Data analysis and visualization

The purpose of an EDA is to find insights which will serve for data cleaning, preparation, or transformation, which will ultimately be used in a machine learning algorithm. We use data analysis and data visualization at every step of the machine learning process where each step; data exploration, data cleaning, model building, presenting results, these steps will belong to one notebook. Let's have a look at some examples.

A histogram is a graphical display of data using bars of different heights. In a histogram, each bar groups numbers into ranges. Taller bars show that more data falls in that range. A histogram displays the shape and spread of continuous sampled data. In this example, we use seaborn's distplot function to plot a histogram of the feature median house value.

Another commonly used plot type is a simple scatter plot. Instead of plots being joined by line segments, as in a line plot, here the points are represented individually with a dot, circle or other shape. In this example, we use matplotlib's pyplot function to plot a scatter plot.
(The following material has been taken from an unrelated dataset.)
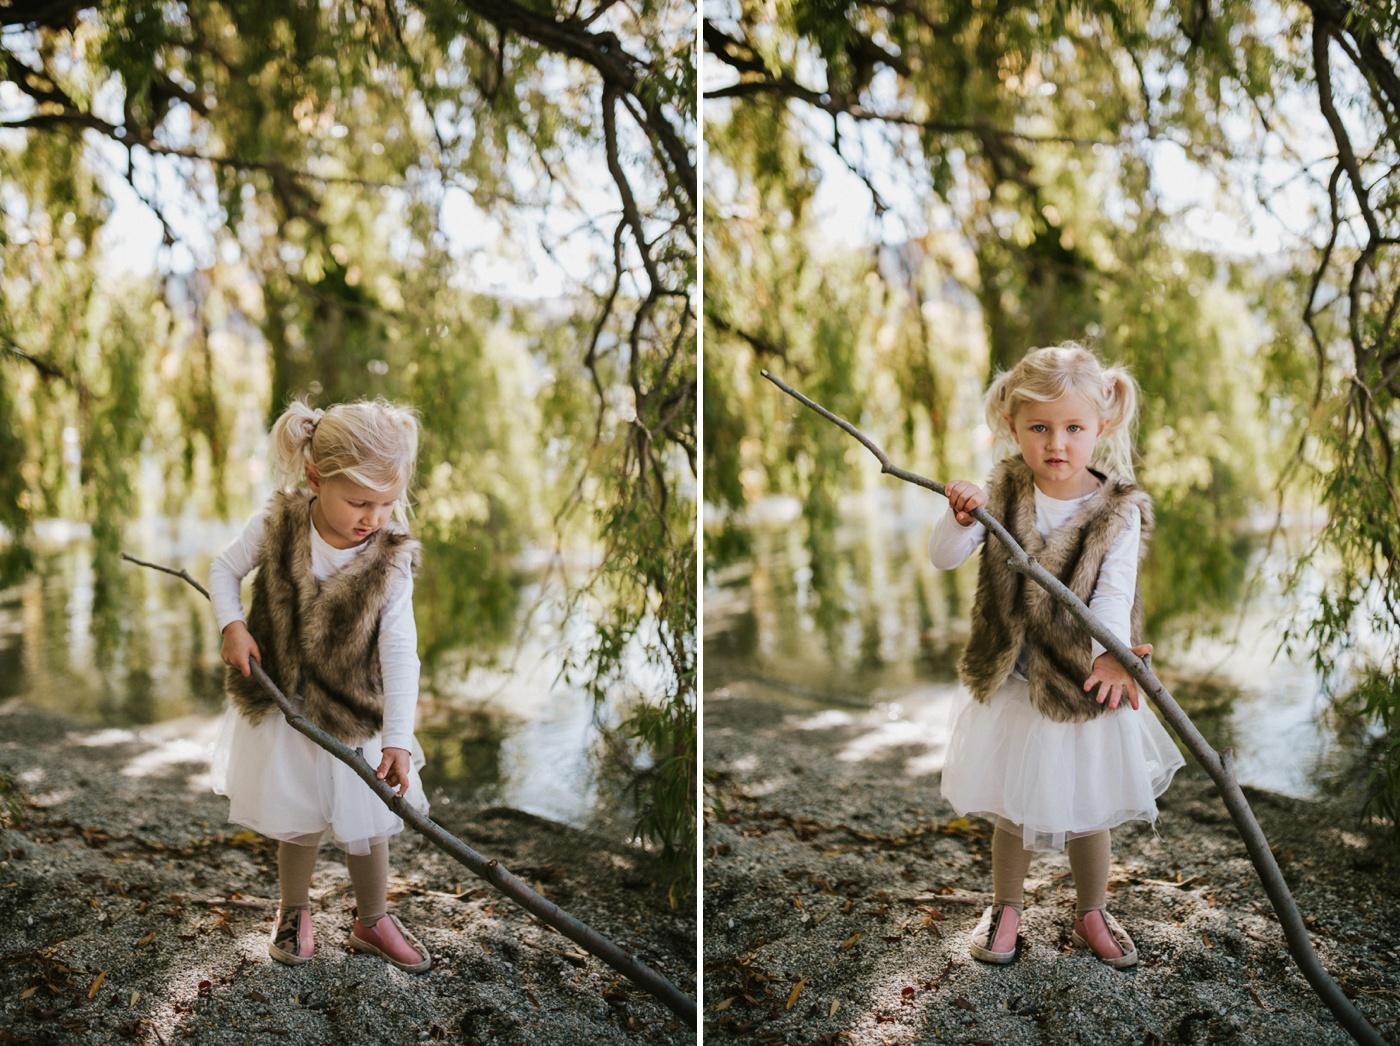 Blake-Lily-Rolig-Lekfull-Familjesession-Familjefotograf-Stockholm-Orebro_02

A scatter plot is a graph in which the values of two variables are plotted against two axes. The pattern of the resulting points revealing any correlation that may be present. Here we can see that by plotting housing location latitude on the X axis and longitude on the Y axis, we see that the resulting revealed correlation pattern is the state of California.

In this example, we use seaborn's heatmap function to show correlations. A heatmap is a graphical representation of data that uses a system of color coding to represent different values. For example, you can see the correlation between all the features in your dataset. The lighter the shade, the stronger the correlation. This is a quick and easy way to see which features may influence your target. If you think about it, a heatmap plots multiple variables and can be thought of as an example of multivariate graphical analysis, another area of exploratory data analysis.
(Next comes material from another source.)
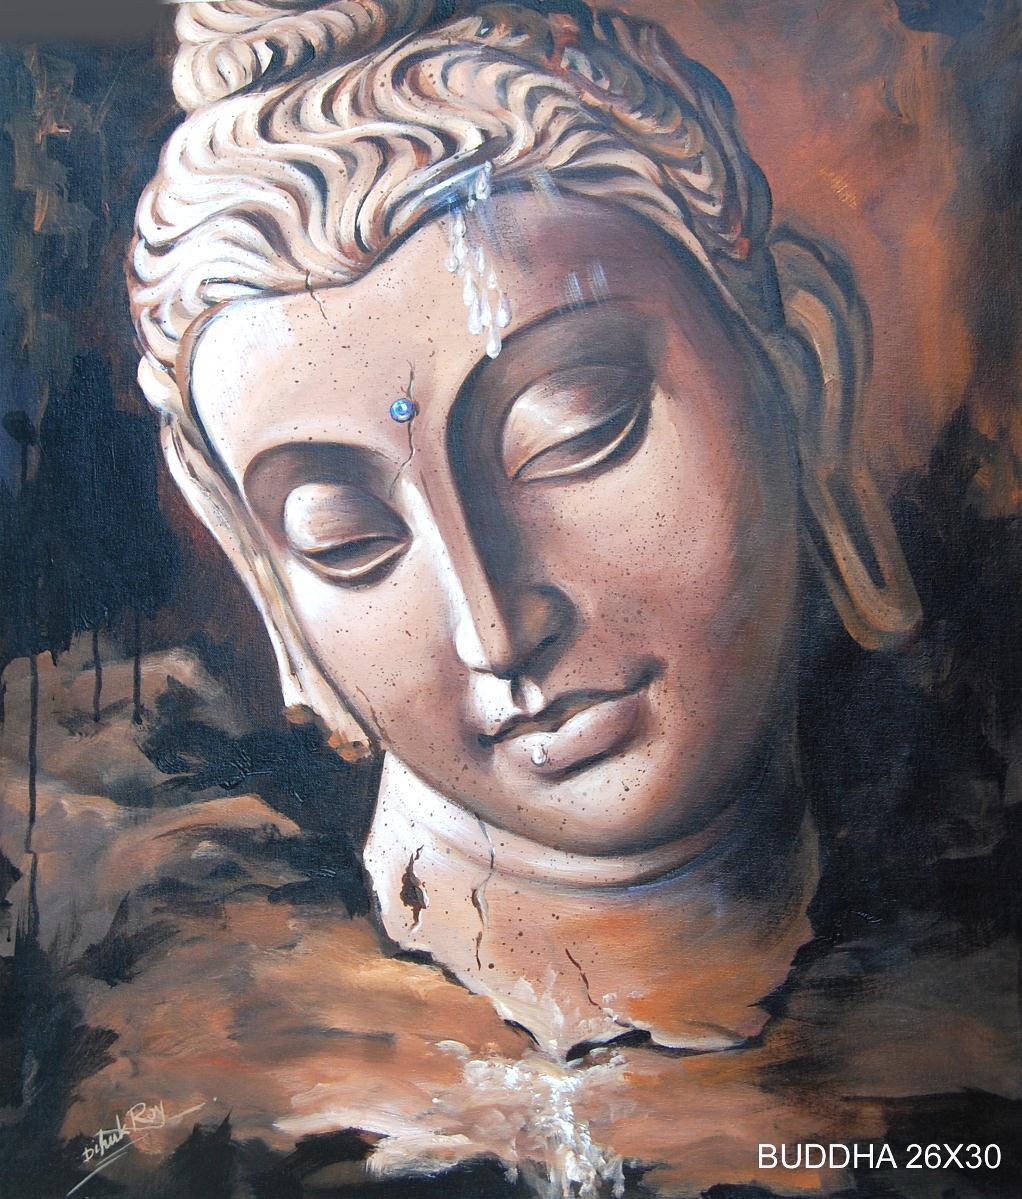 Buddha Painting By Dipak Roy

So to summarize, data analysis which is the second step in the ML pipeline, is a crucial milestone and must be used to prepare the data before model training. The purpose of exploratory data analysis includes being able to gain maximum insight into the dataset and its underlying structure, as well as to create a list of outliers or other anomalies and most importantly, the ability to identify the most influential features. There are many more ways to explore, analyze and plot data, make it a goal to expand your knowledge of them. Have fun.